Drugi sezon serialu zachowuje dotychczasową formułę, to znaczy każdy odcinek jest w pewnym sensie osobną historia, poruszającą jeden wybrany problem z życia rodziny królewskiej albo skupiającą się na konkretnych wydarzeniach historycznych. Tylko początek sezonu przełamuje ten schemat, rozciągając story arc małżeńskiego kryzysu Elżbiety i Filipa na trzy odcinki (cały sezon otwiera scena ich kłótni, która zostaje później w całości powtórzona w trzecim odcinku, co jest dość ciekawym zabiegiem). W gruncie rzeczy mamy tu tak jakby do czynienia ze specyficzną odmianą procedurala, gdzie echa wątków z poprzednich odcinków pobrzmiewają głównie w tle, podczas gdy za główną oś fabuły służy jakaś „sprawa tygodnia”.

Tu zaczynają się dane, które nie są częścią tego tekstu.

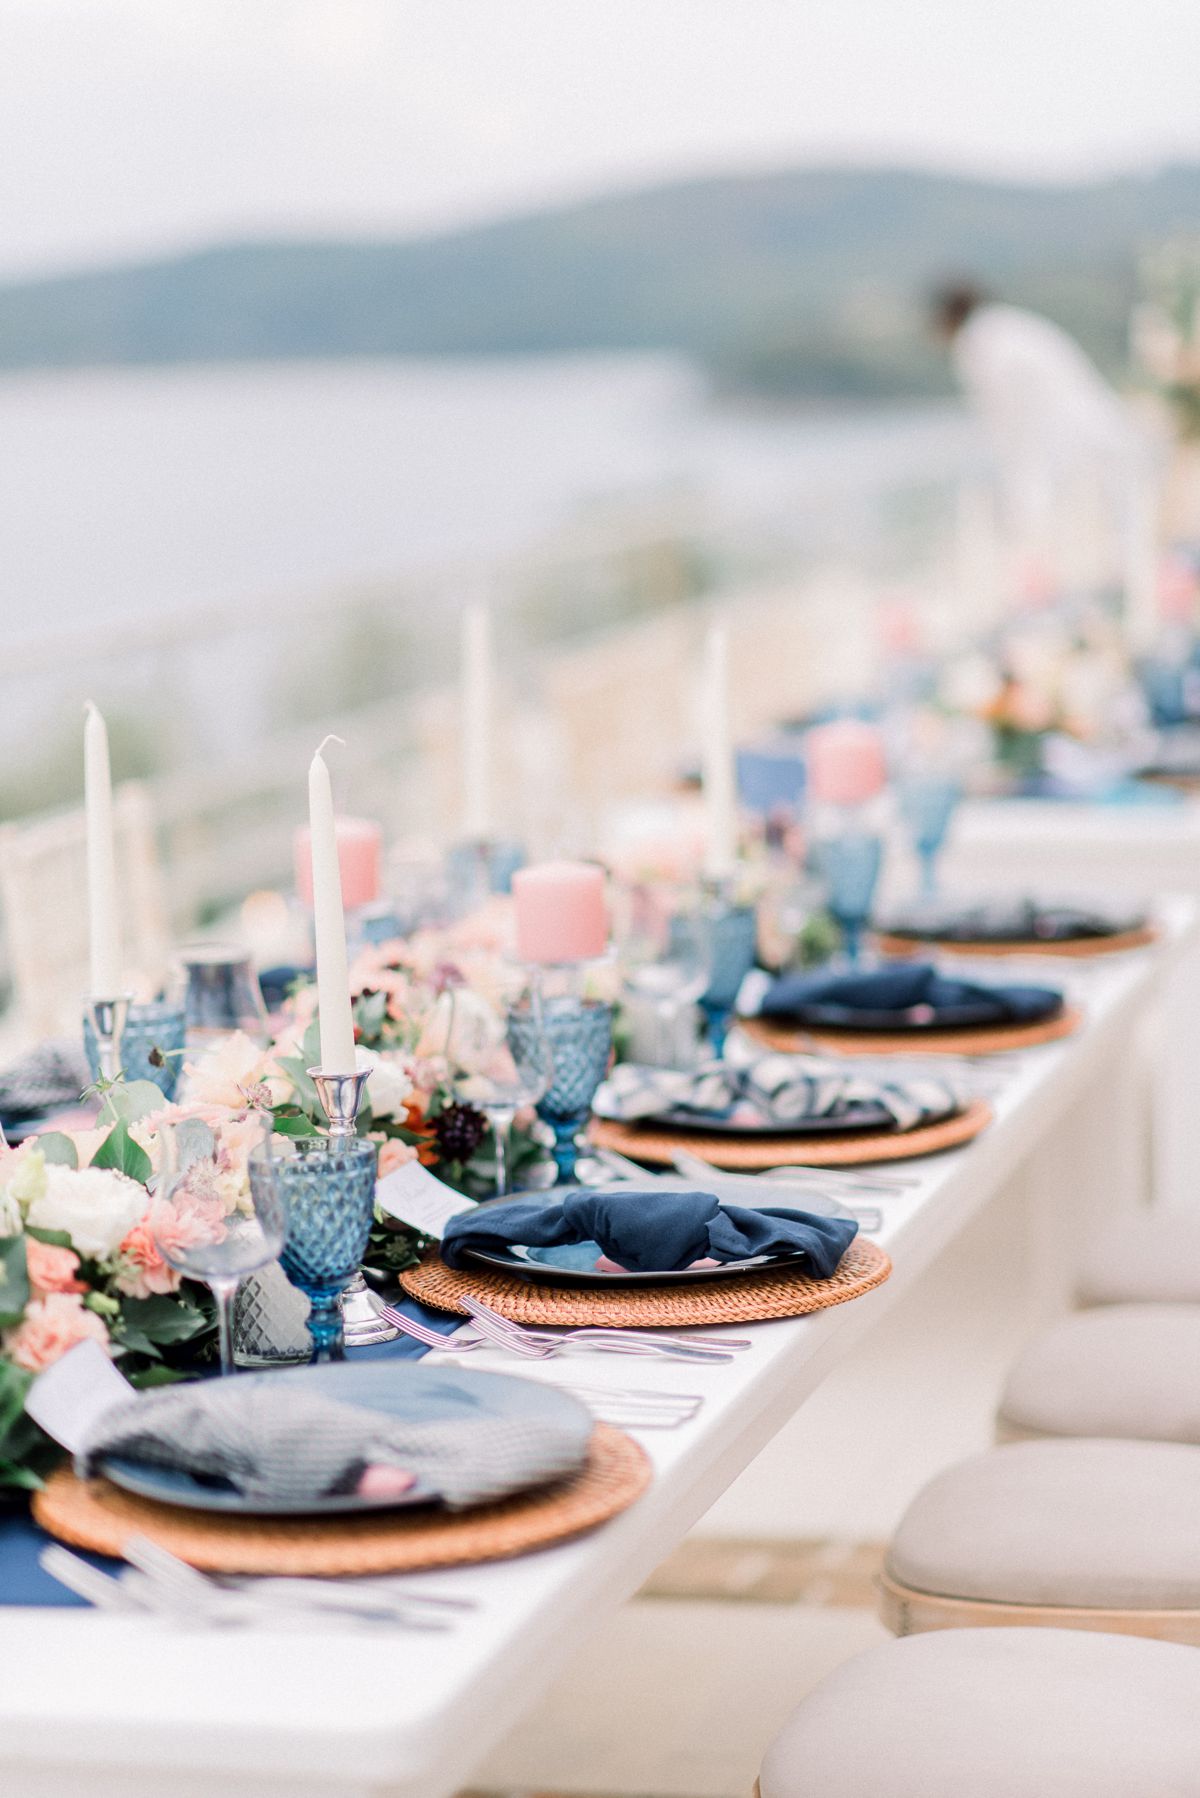 details of set up at corfu wedding

Tym razem scenarzyści pozwalają Elżbiecie odetchnąć, o wiele częściej wypychając na pierwszy plan pozostałych członków rodziny. Siłą rzeczy otrzymujemy kontynuację losów Małgorzaty, postaci, której problemy w poprzednim sezonie triggerowały mnie najbardziej. To jeden z tych życiorysów, w którym bez problemu można określić dokładny moment, kiedy czyjeś życie zaczęło zsuwać się po równi pochyłej. Od momentu, gdy królowa odmówiła siostrze możliwości poślubienia rozwiedzionego Petera Townsenda, Małgorzata staje się coraz bardziej zgorzkniała, smutna i nierozważna (a przy tym kopci jak smok). Niedawna ogłoszenie zaręczyn księcia Harry’ego (z Meghan Markle, dla której nie będzie pierwszym mężem) w fascynujący sposób zbiega się z tym wątkiem i dopisuje słodko-gorzki epilog do całej historii – dwa pokolenia później członek rodziny królewskiej znajdujący się w tym samym położeniu co Małgorzata, może już bez większych problemów wziąć ślub z kim chce.
Na scenę wkracza więc Tony Armstrong-Jones, przyszły mąż księżniczki Małgorzaty, i już od pierwszych scen pulsuje na ekranie czerwoną syreną alarmową. Ten związek to chodząca bomba zegarowa – zawarty z niezdrowych pobudek przez zupełnie niepasujących do siebie ludzi – i serial nawet nie próbuje nas oszukiwać, że skończy się szczęśliwie. Przy czym Mathew Goode w roli rozwiązłego fotografa wypada rewelacyjnie i choćby dla tej roli warto drugi sezon obejrzeć. Zwłaszcza, że dopiero teraz scenarzyści pozwalają sobie na popuszczenie żelaznego pasa cnoty i pokazują odważniejsze sceny, w tym relację pomiędzy członkami seksualnego trójkąta (wcześniej z trudem przychodziła im choćby delikatna sugestia, że para królewska mogłaby uprawiać seks). Zastanawiać może jedynie fakt, iż wszelkie przekraczanie granic „przyzwoitości” zachodzi tylko w przypadku Tony’ego, choć obok niego książę Filip wyrasta na równie ważny, o ile nie ważniejszy, czarny charakter w serialu.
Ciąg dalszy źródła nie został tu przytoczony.